PROBLEM REQUIREMENTS: Please repeat the listing below exactly, but do not include its pictures.

== SUPPLIED INFORMATION ==

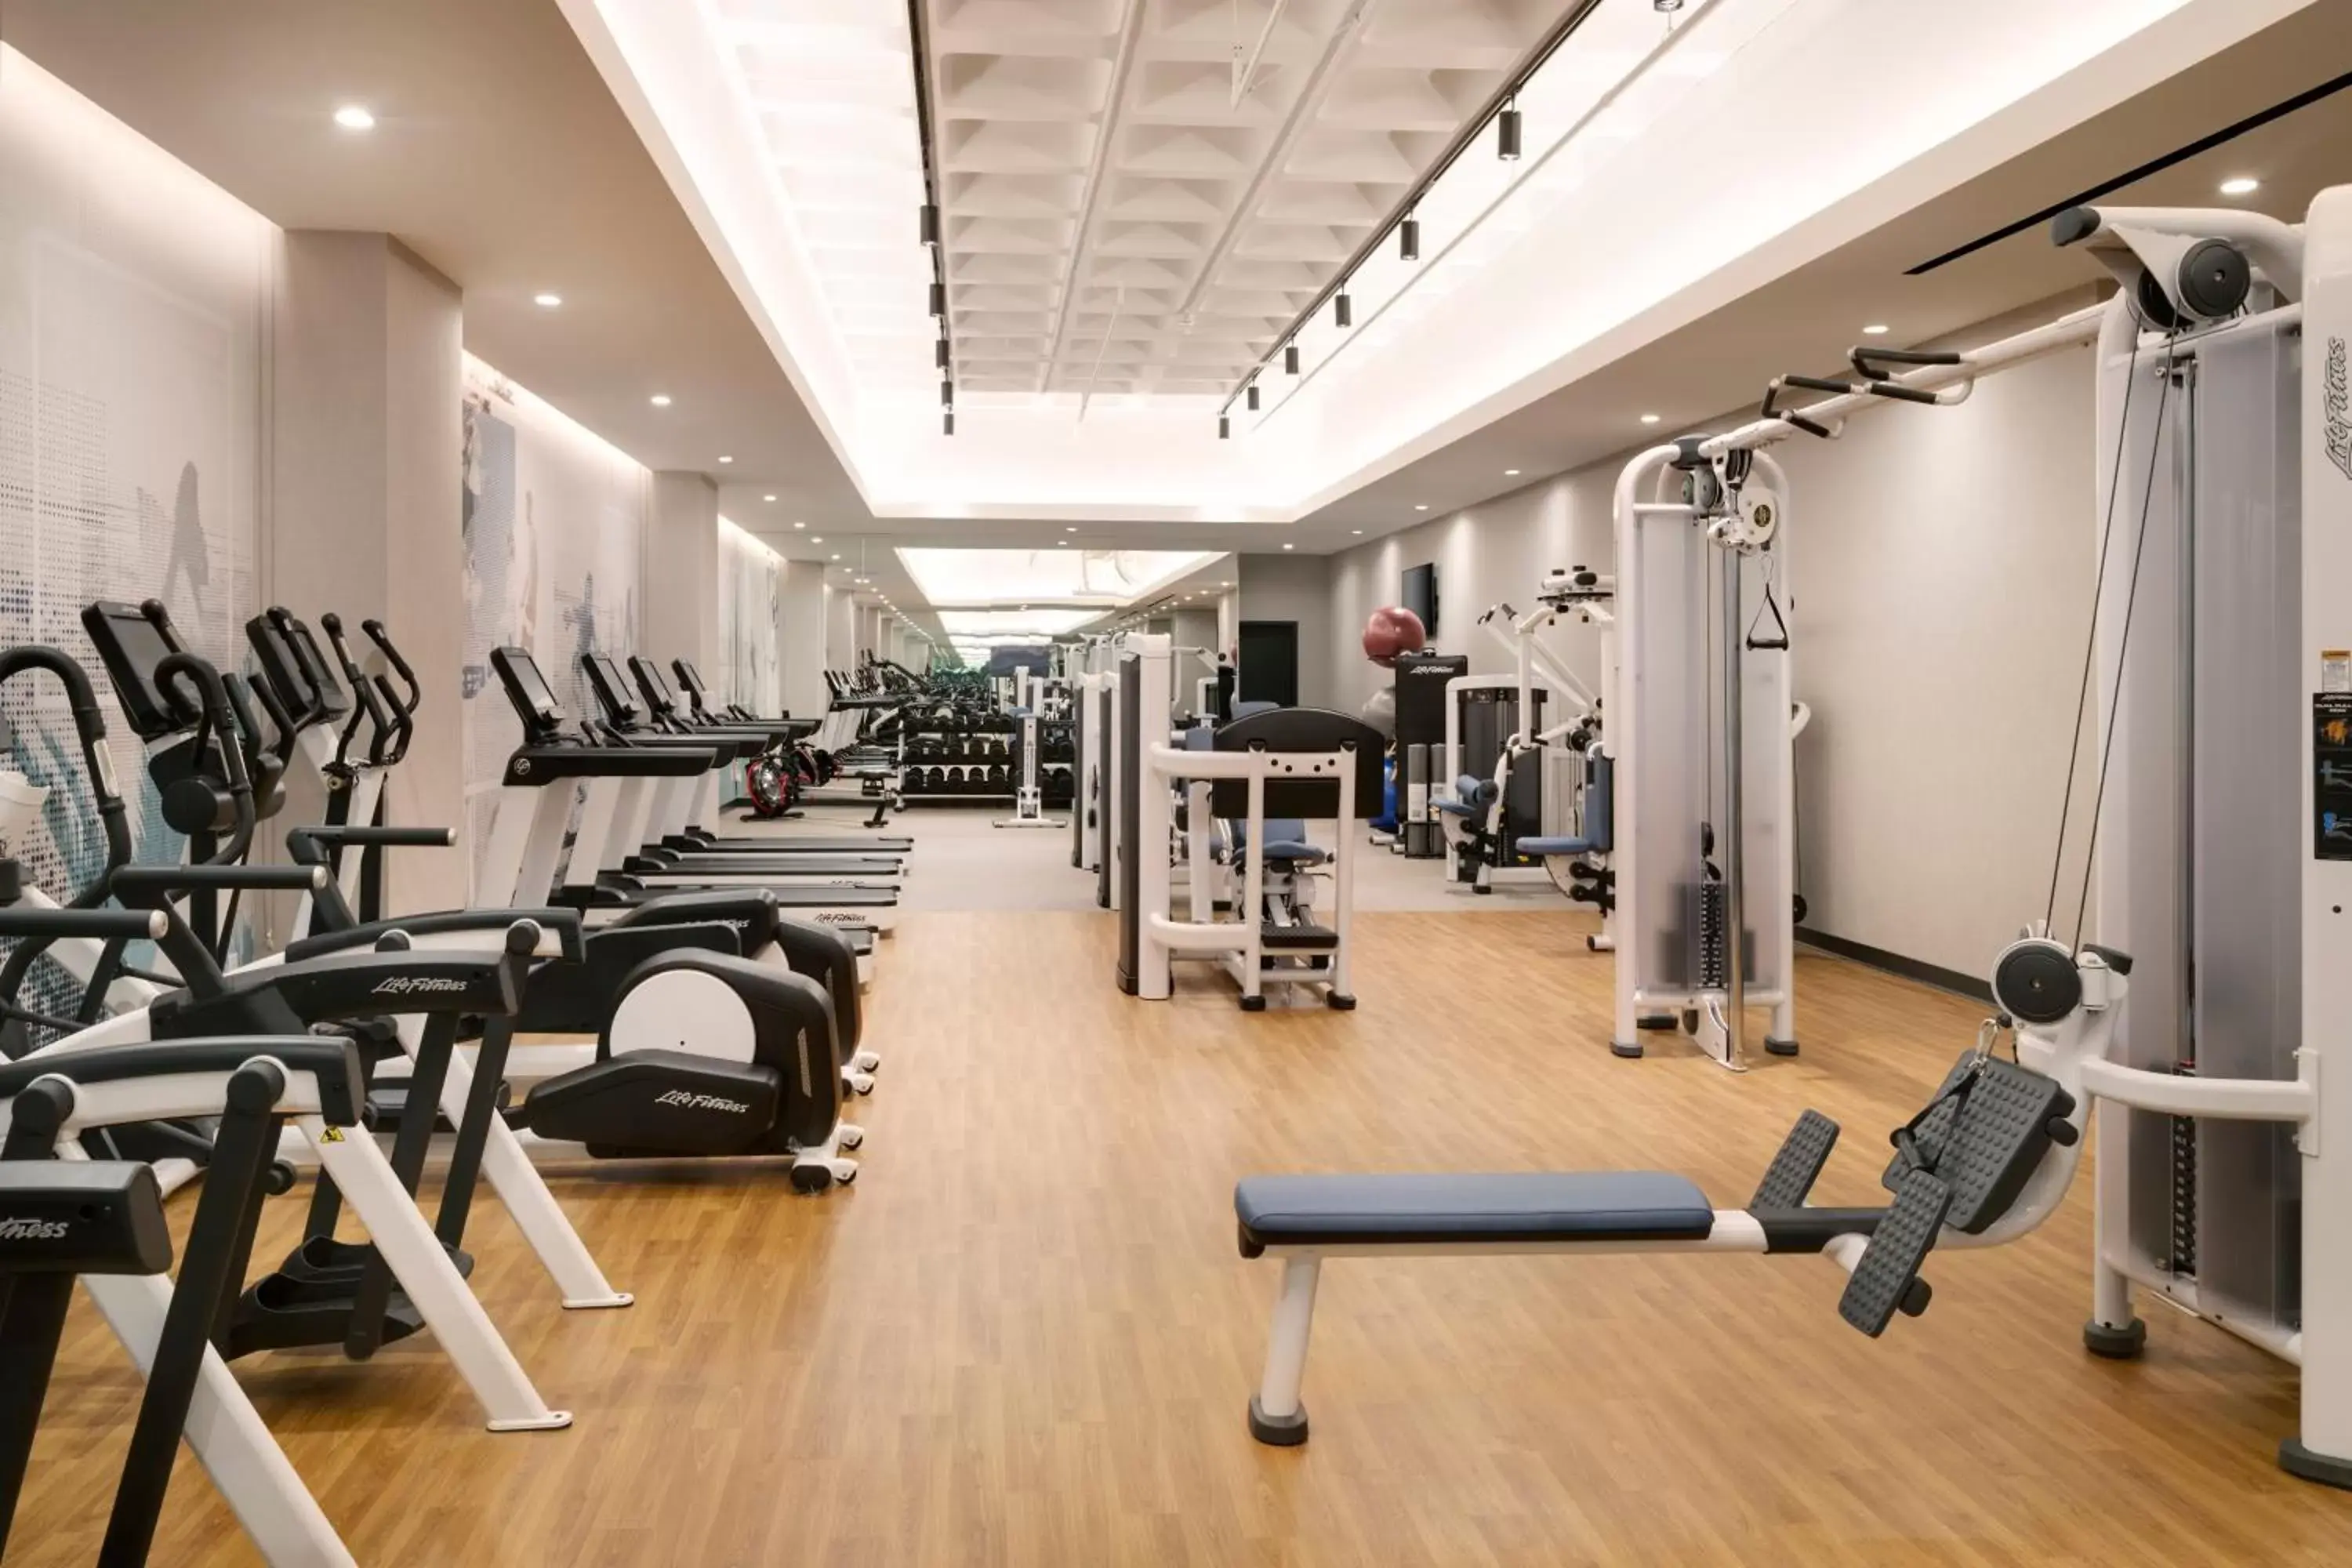 Fitness centre/facilities, Fitness Center/Facilities in Hyatt Place LAX/Century BLVD
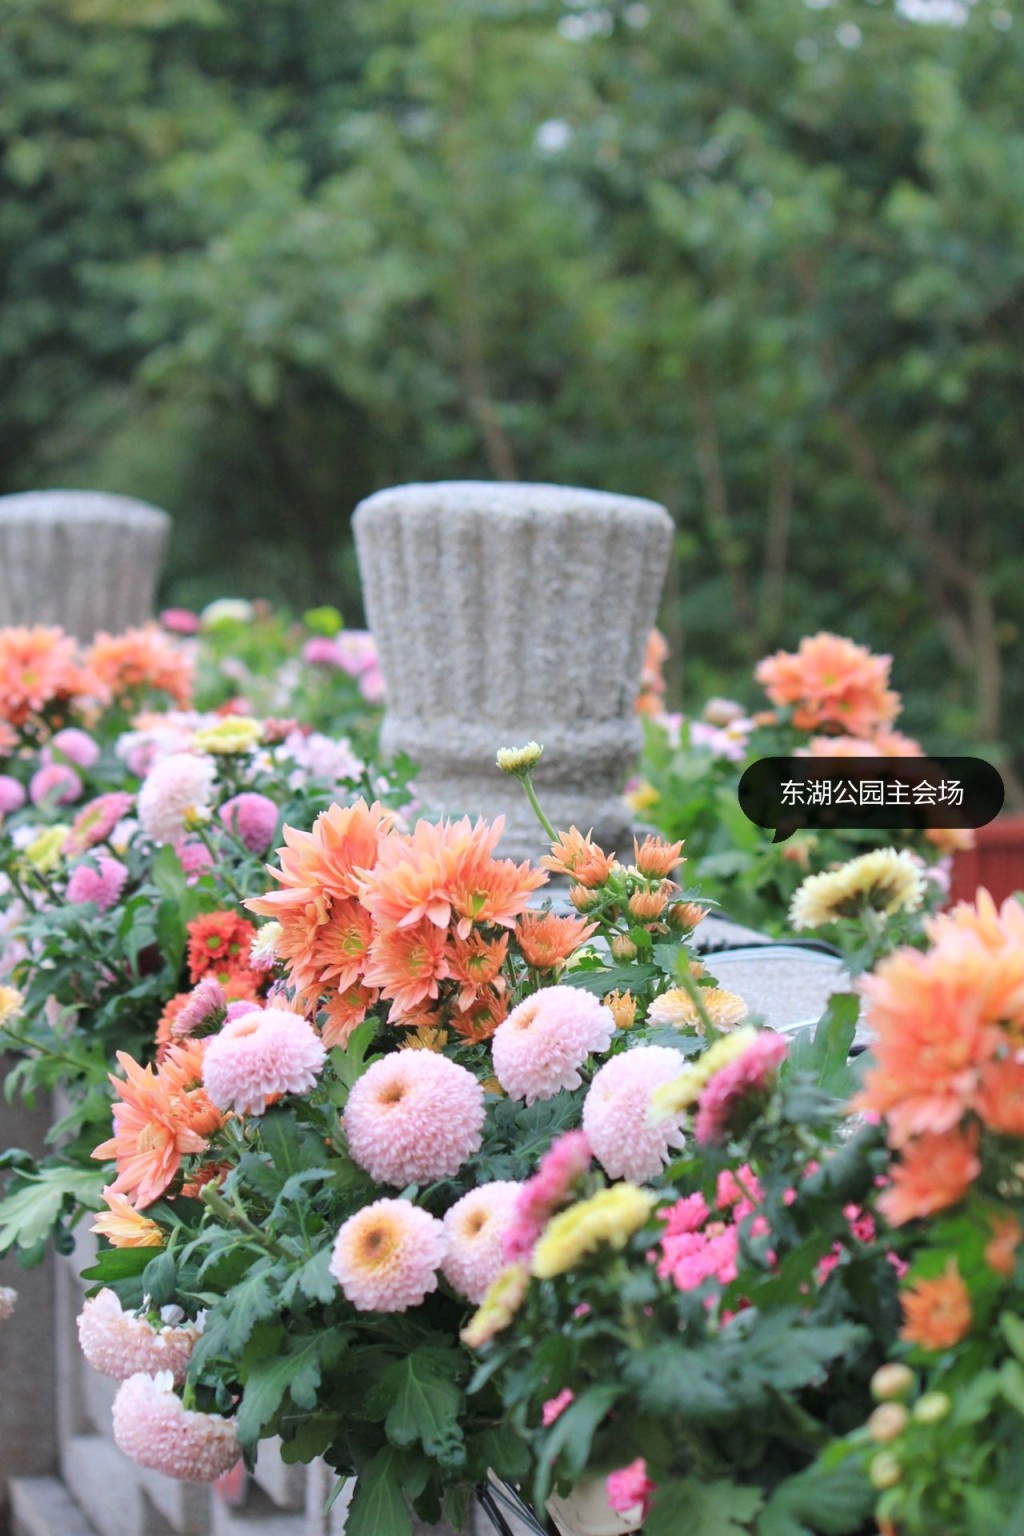 主會場羅湖區東湖公園主要展示精品菊藝。（圖：Lizbeth＠小紅書）
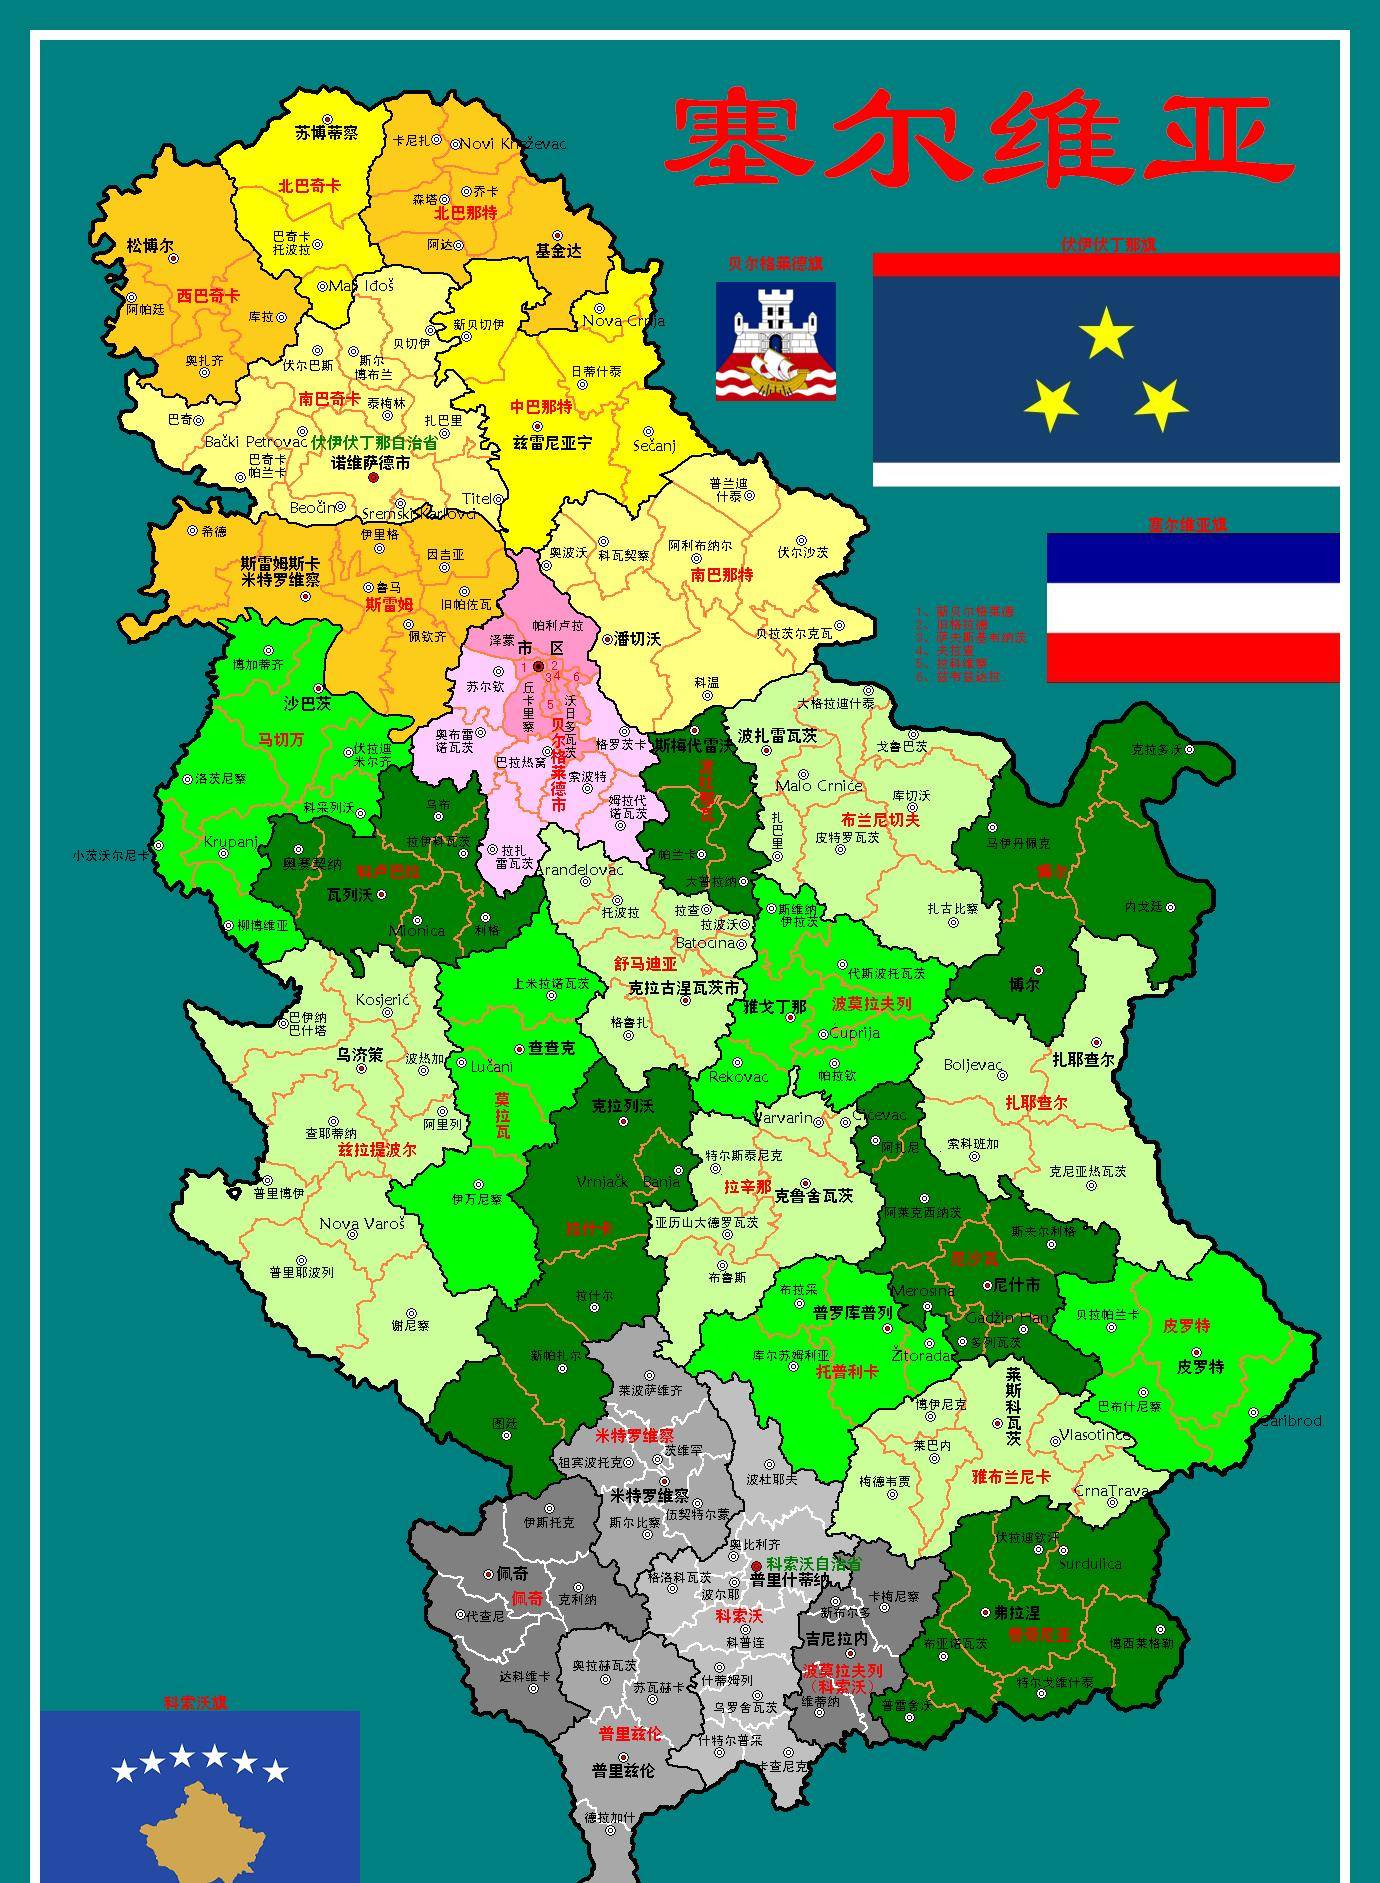 塞尔维亚共和国,简称塞尔维亚,是一个巴尔干半岛的国家,面积为88361
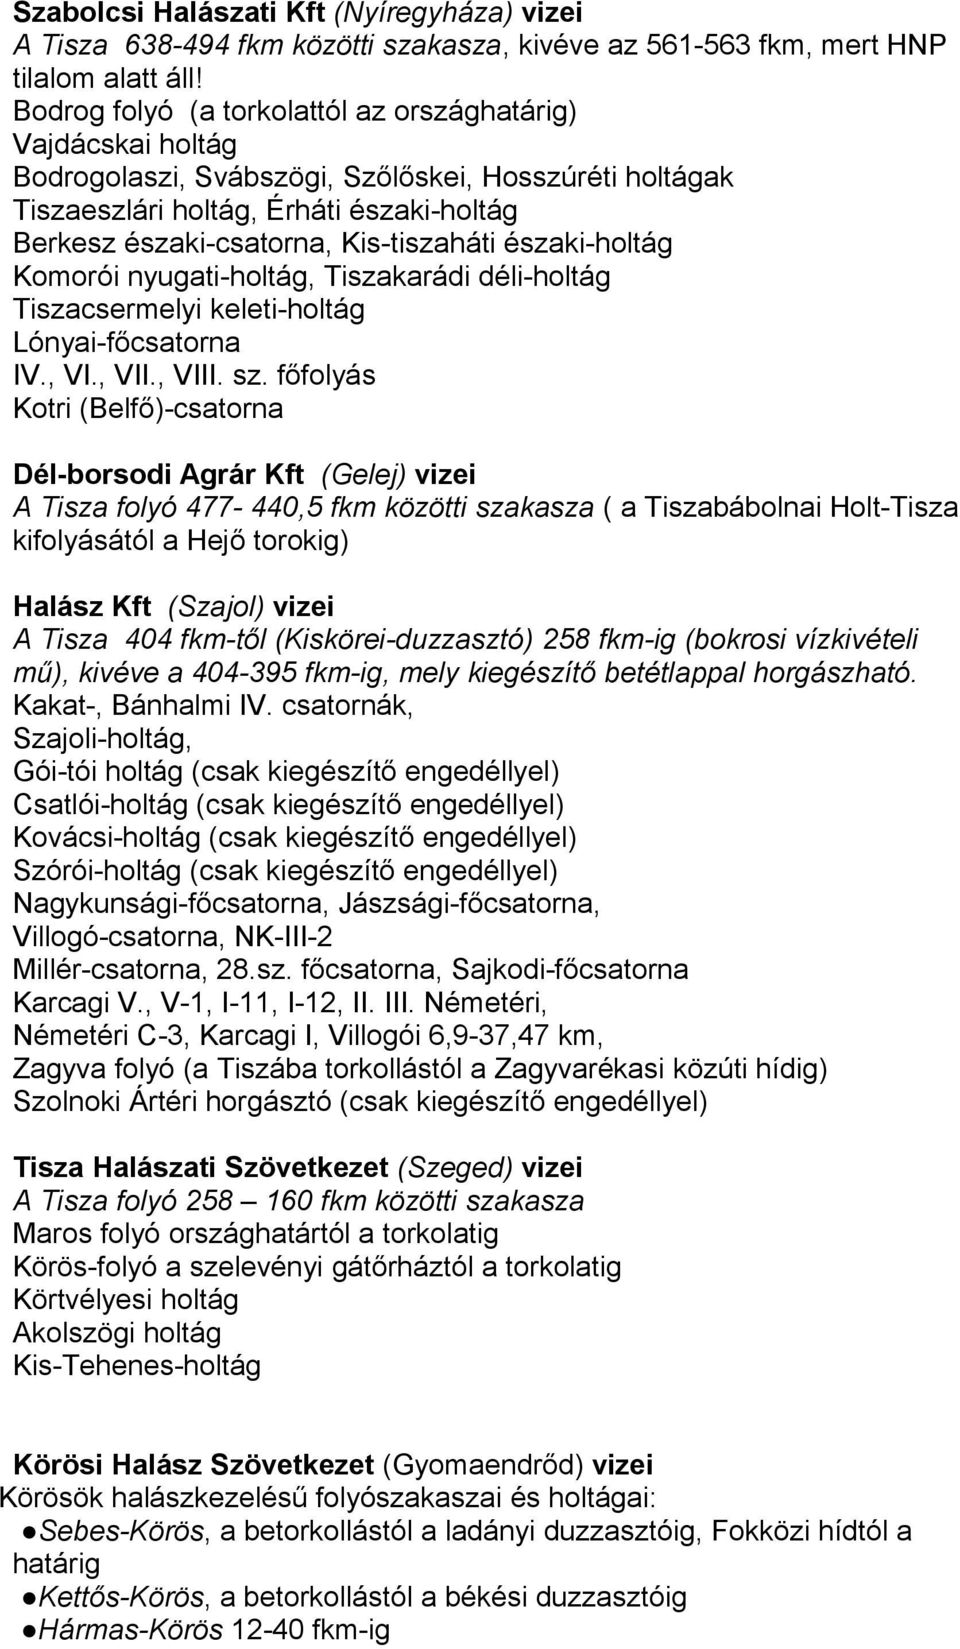 Kis-tiszaháti északi-holtág Komorói nyugati-holtág, Tiszakarádi déli-holtág Tiszacsermelyi keleti-holtág Lónyai-főcsatorna IV., VI., VII., VIII. sz.

===

TASK RESPONSE:
 Fitness centre/facilities, Fitness Center/Facilities in Hyatt Place LAX/Century BLVD
 主會場羅湖區東湖公園主要展示精品菊藝。（圖：Lizbeth＠小紅書）
 塞尔维亚共和国,简称塞尔维亚,是一个巴尔干半岛的国家,面积为88361
 Kis-tiszaháti északi-holtág Komorói nyugati-holtág, Tiszakarádi déli-holtág Tiszacsermelyi keleti-holtág Lónyai-főcsatorna IV., VI., VII., VIII. sz.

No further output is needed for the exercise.